▶ [WHAT IS REQUIRED]:
For each record below, retype the text exactly and omit any image.

(Entries taken from a collection)

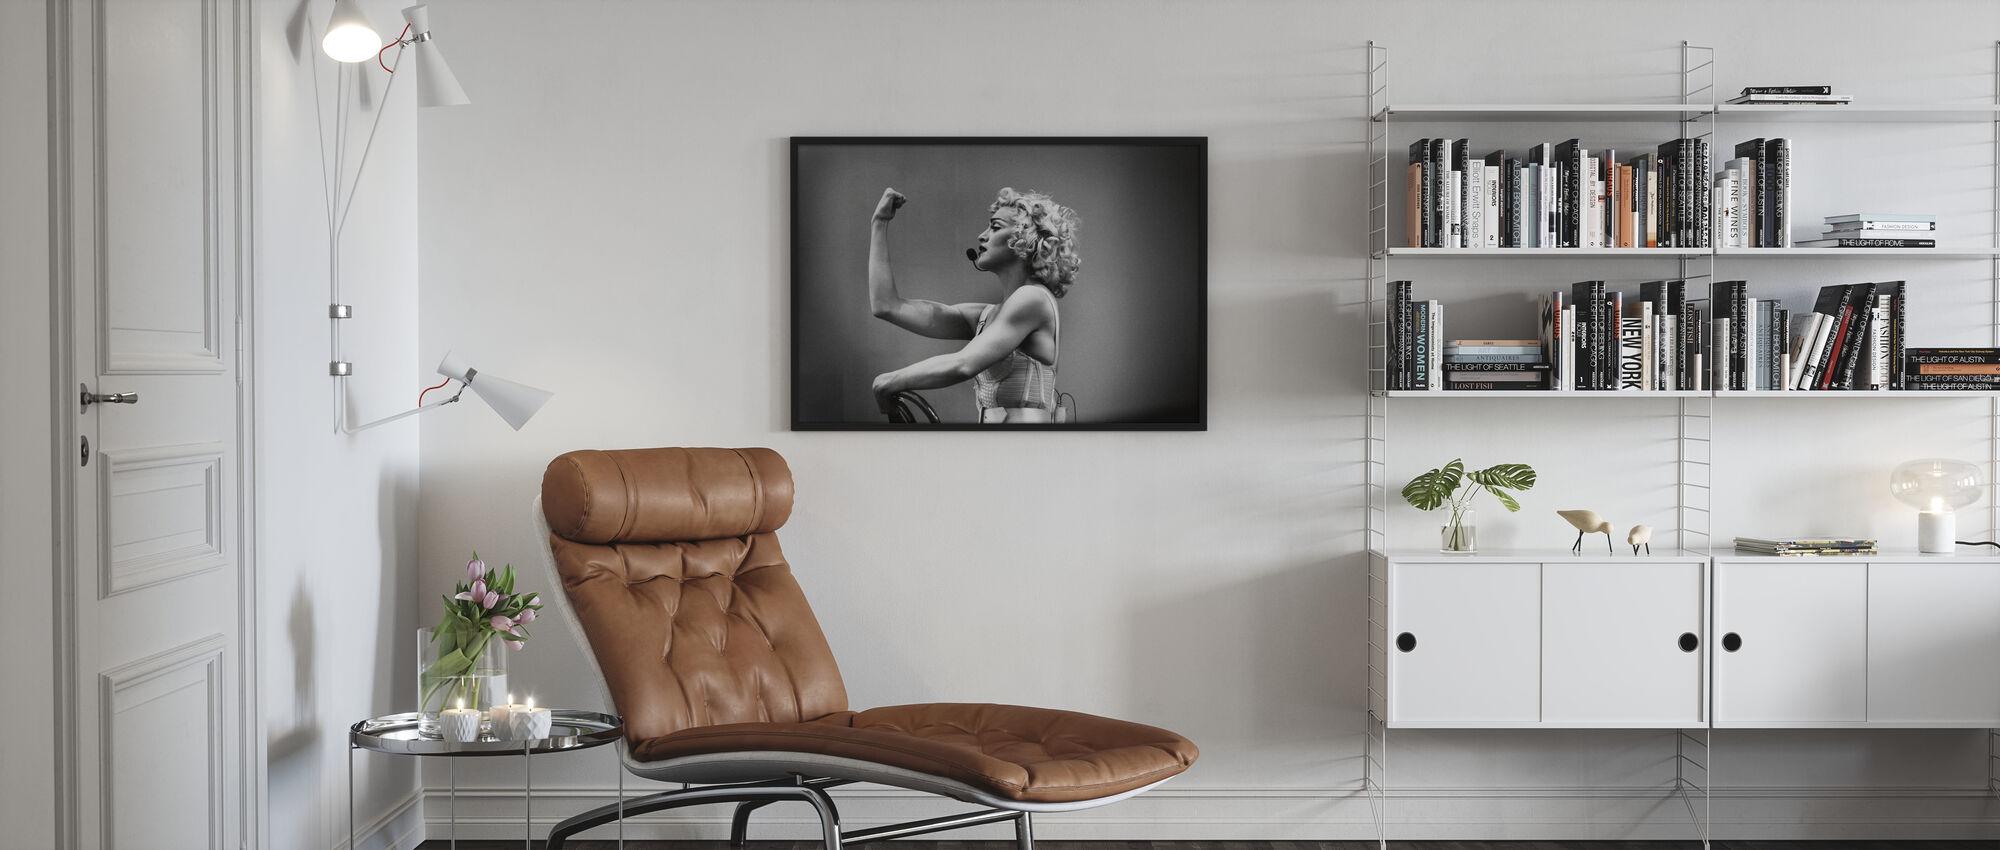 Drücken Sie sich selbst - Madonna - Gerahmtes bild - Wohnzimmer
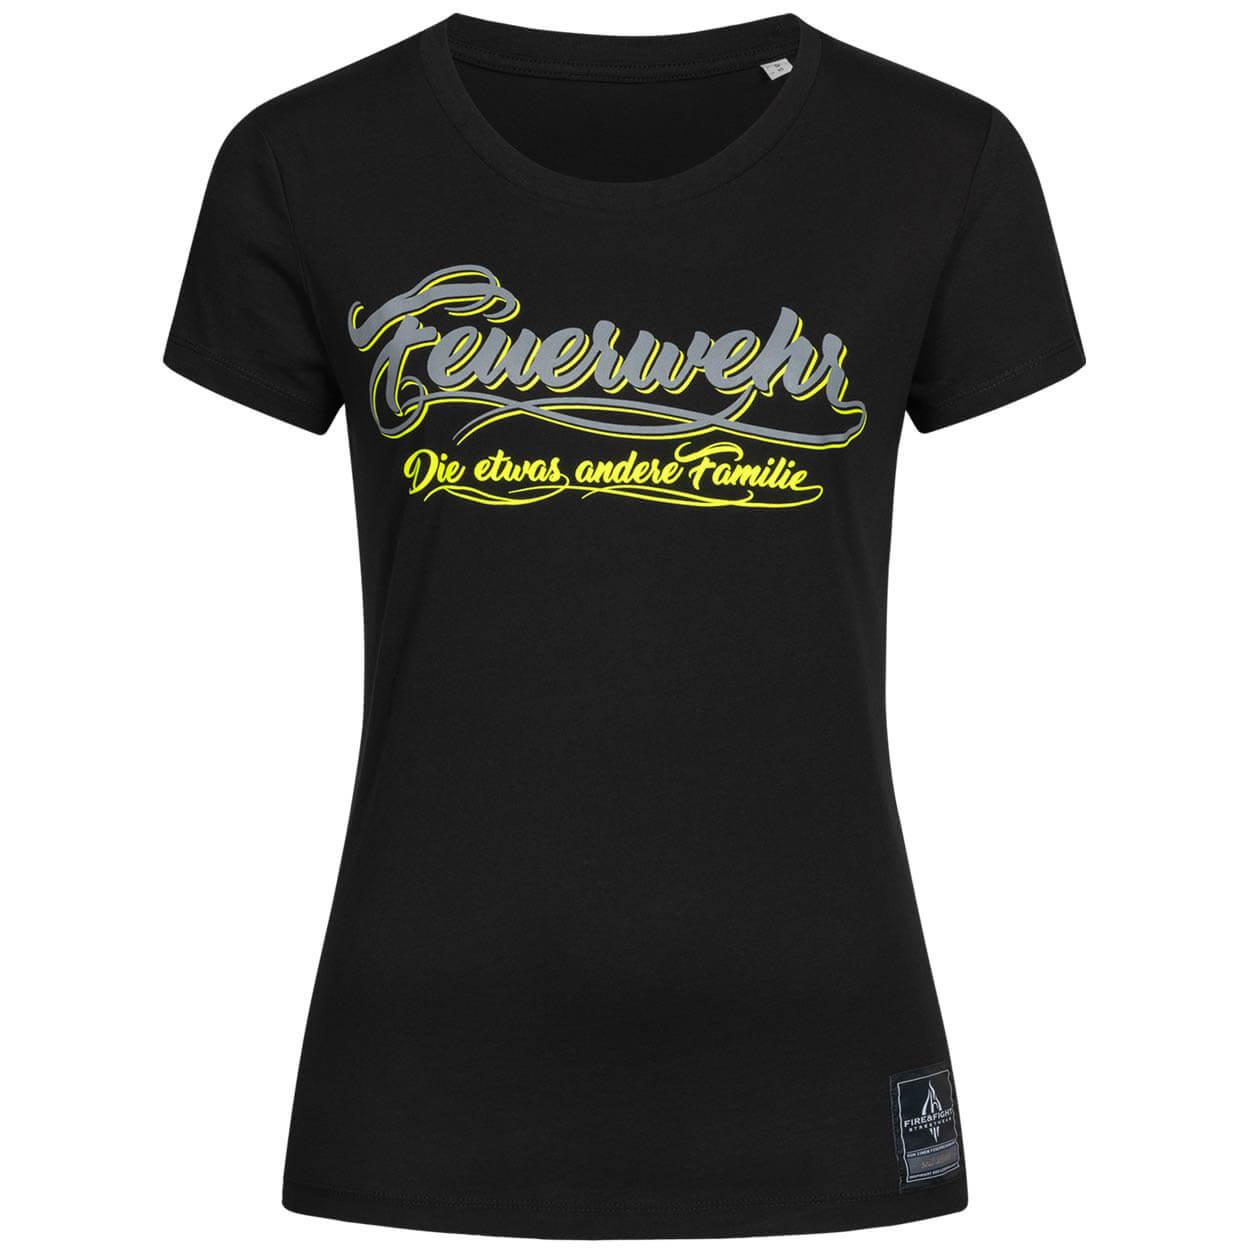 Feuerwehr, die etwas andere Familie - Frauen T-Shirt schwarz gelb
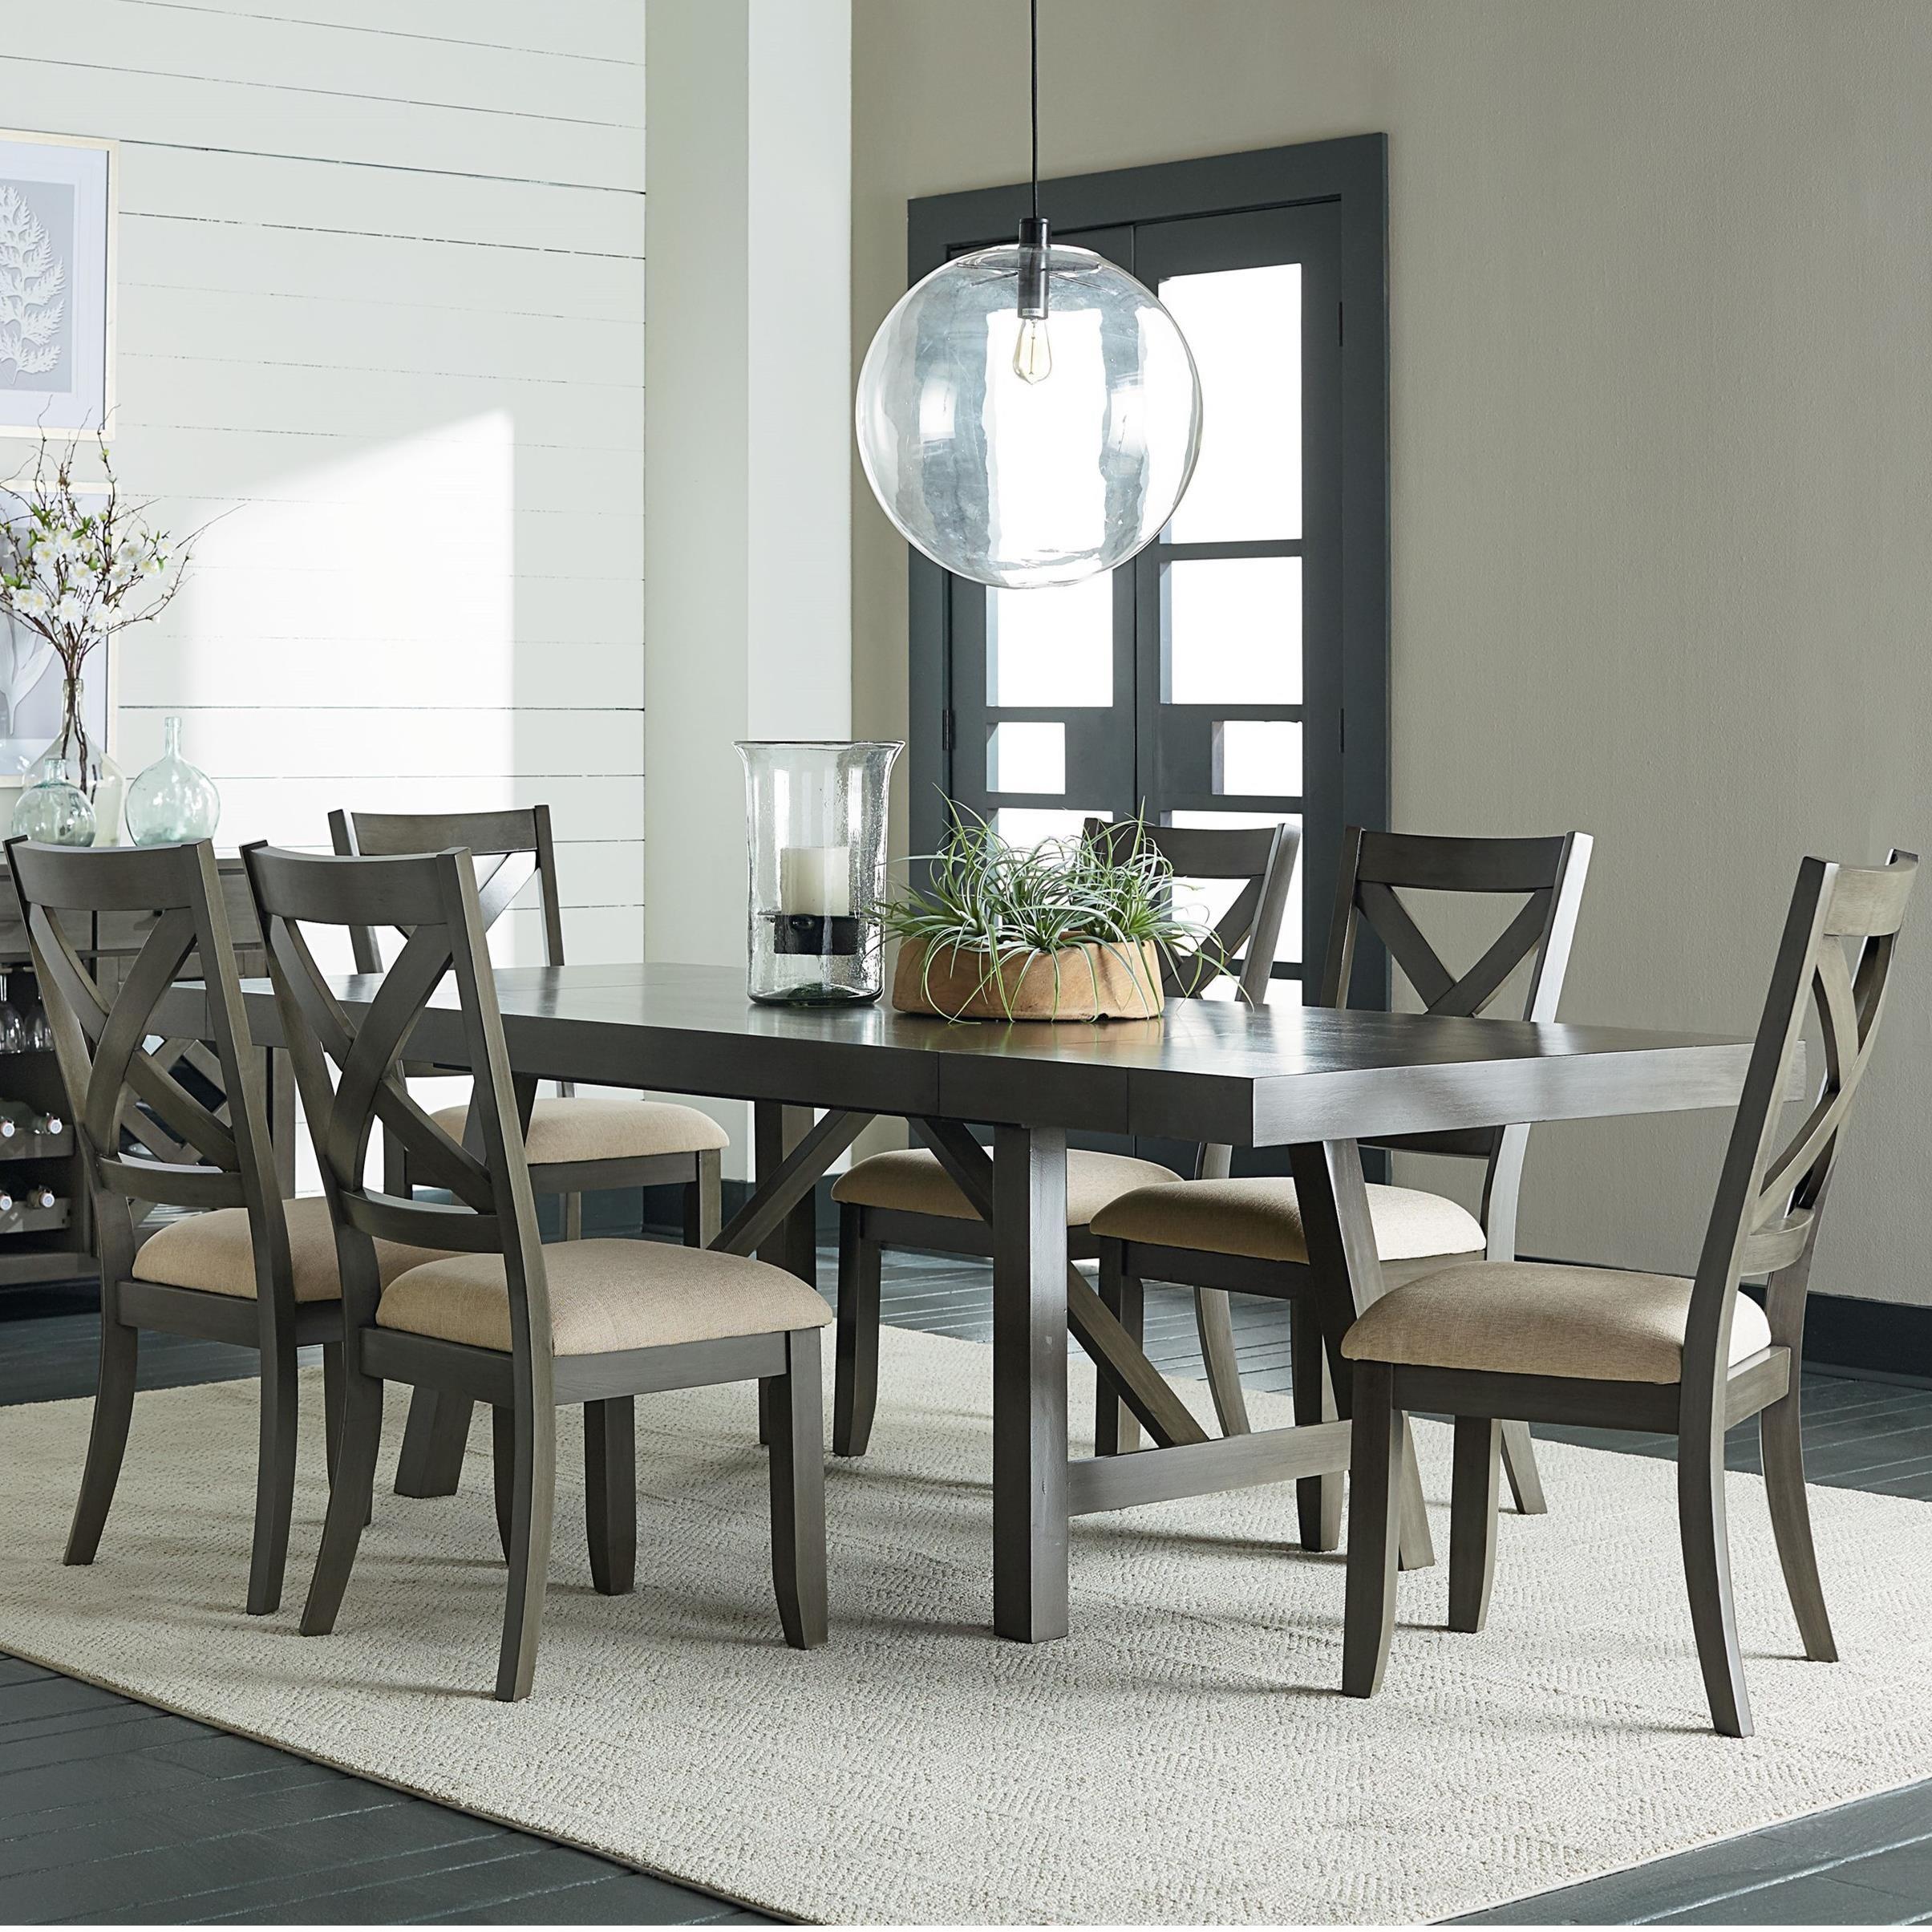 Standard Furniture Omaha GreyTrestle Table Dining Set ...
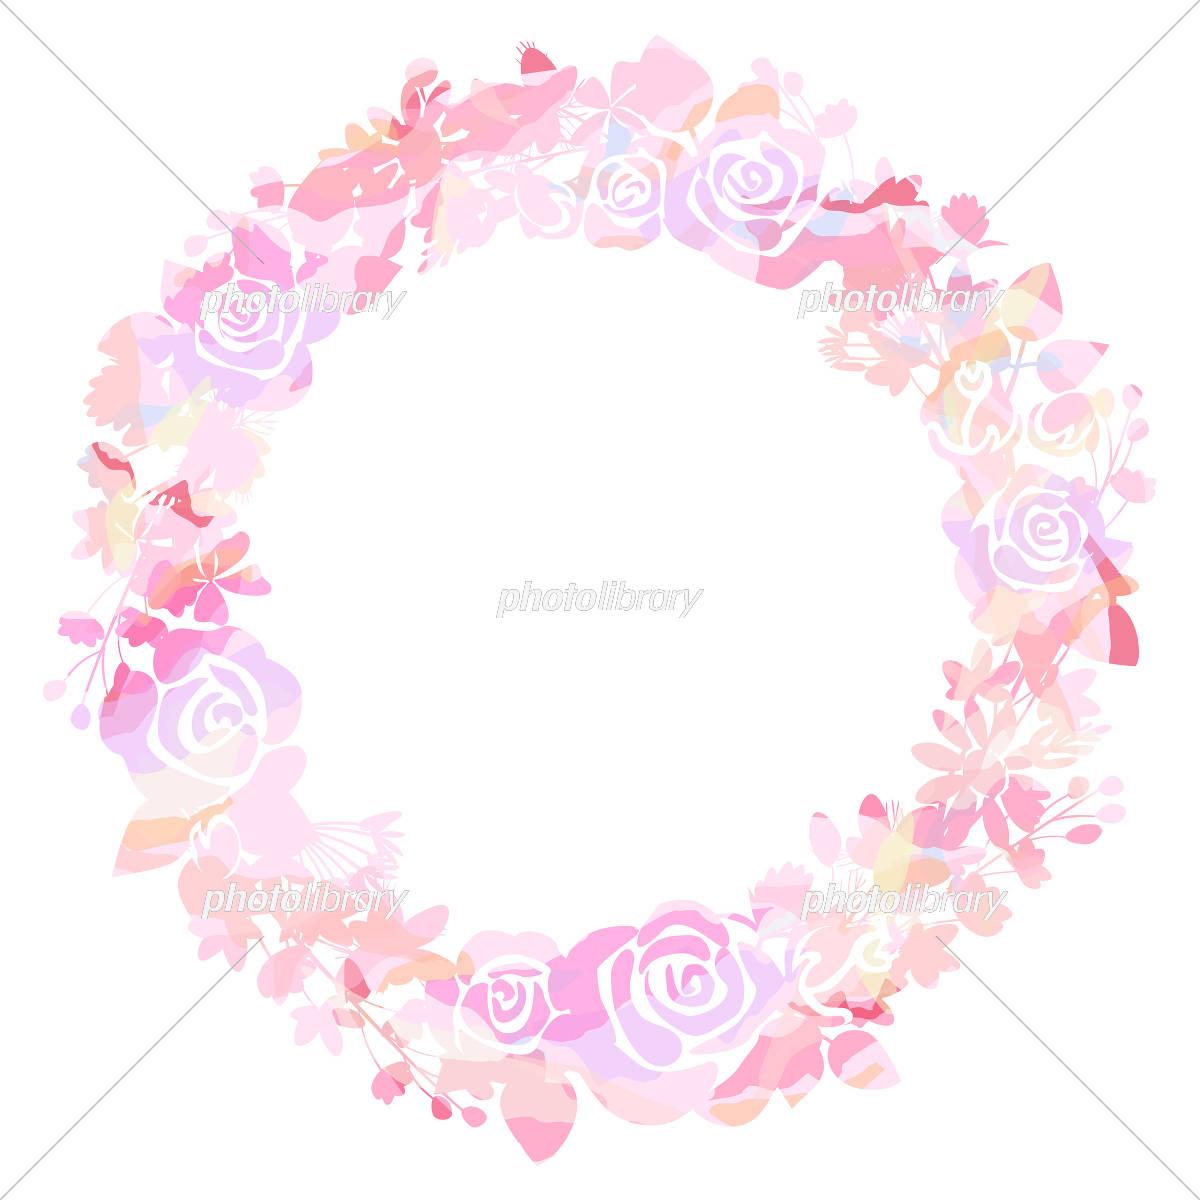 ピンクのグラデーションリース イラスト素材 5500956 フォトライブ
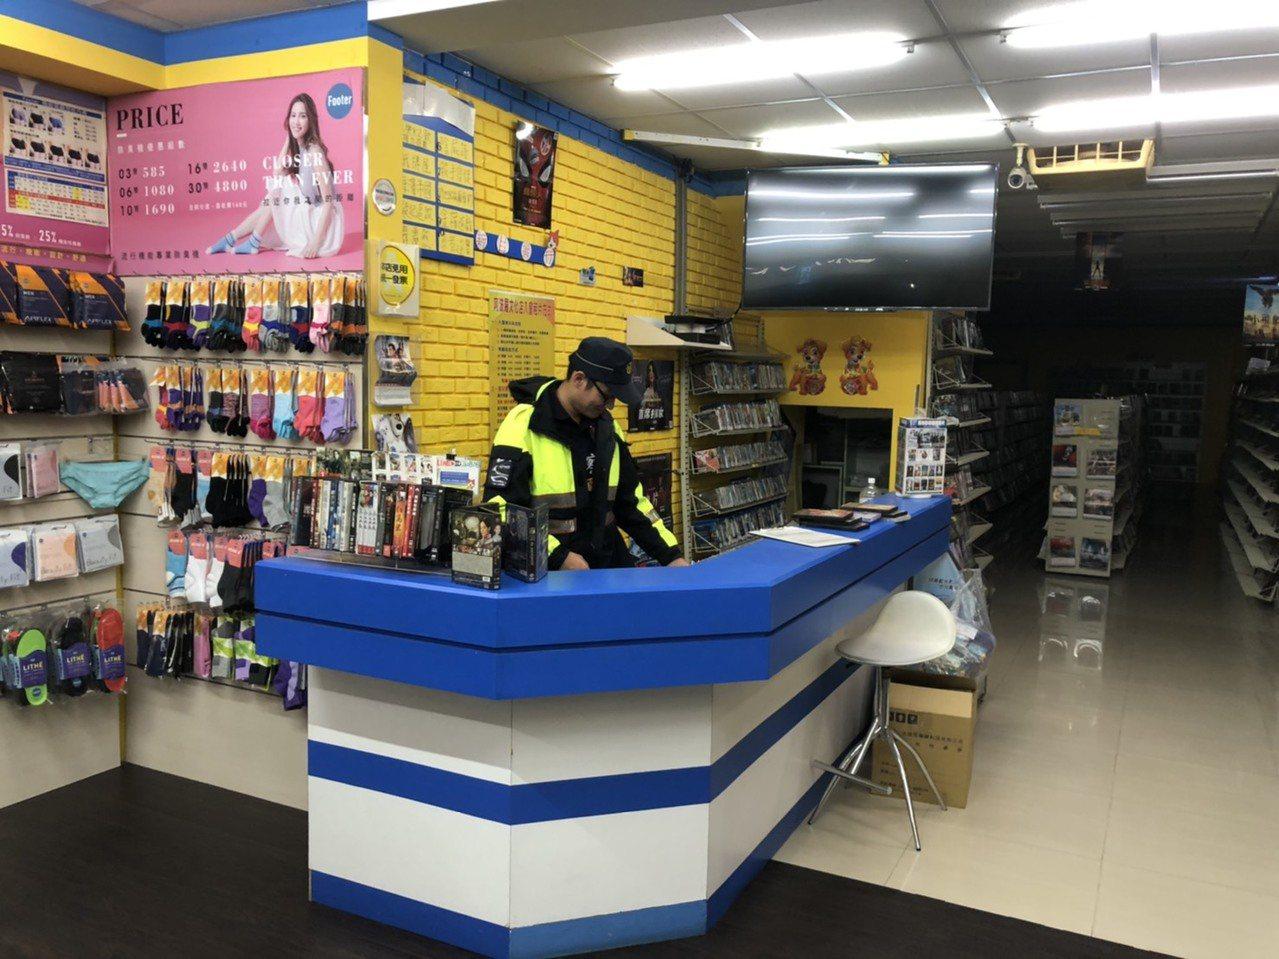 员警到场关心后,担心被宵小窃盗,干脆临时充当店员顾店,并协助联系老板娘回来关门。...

▶ [RESPONSE]:
 Drücken Sie sich selbst - Madonna - Gerahmtes bild - Wohnzimmer
 Feuerwehr, die etwas andere Familie - Frauen T-Shirt schwarz gelb
 Standard Furniture Omaha GreyTrestle Table Dining Set ...
 ピンクのグラデーションリース イラスト素材 5500956 フォトライブ
 员警到场关心后,担心被宵小窃盗,干脆临时充当店员顾店,并协助联系老板娘回来关门。...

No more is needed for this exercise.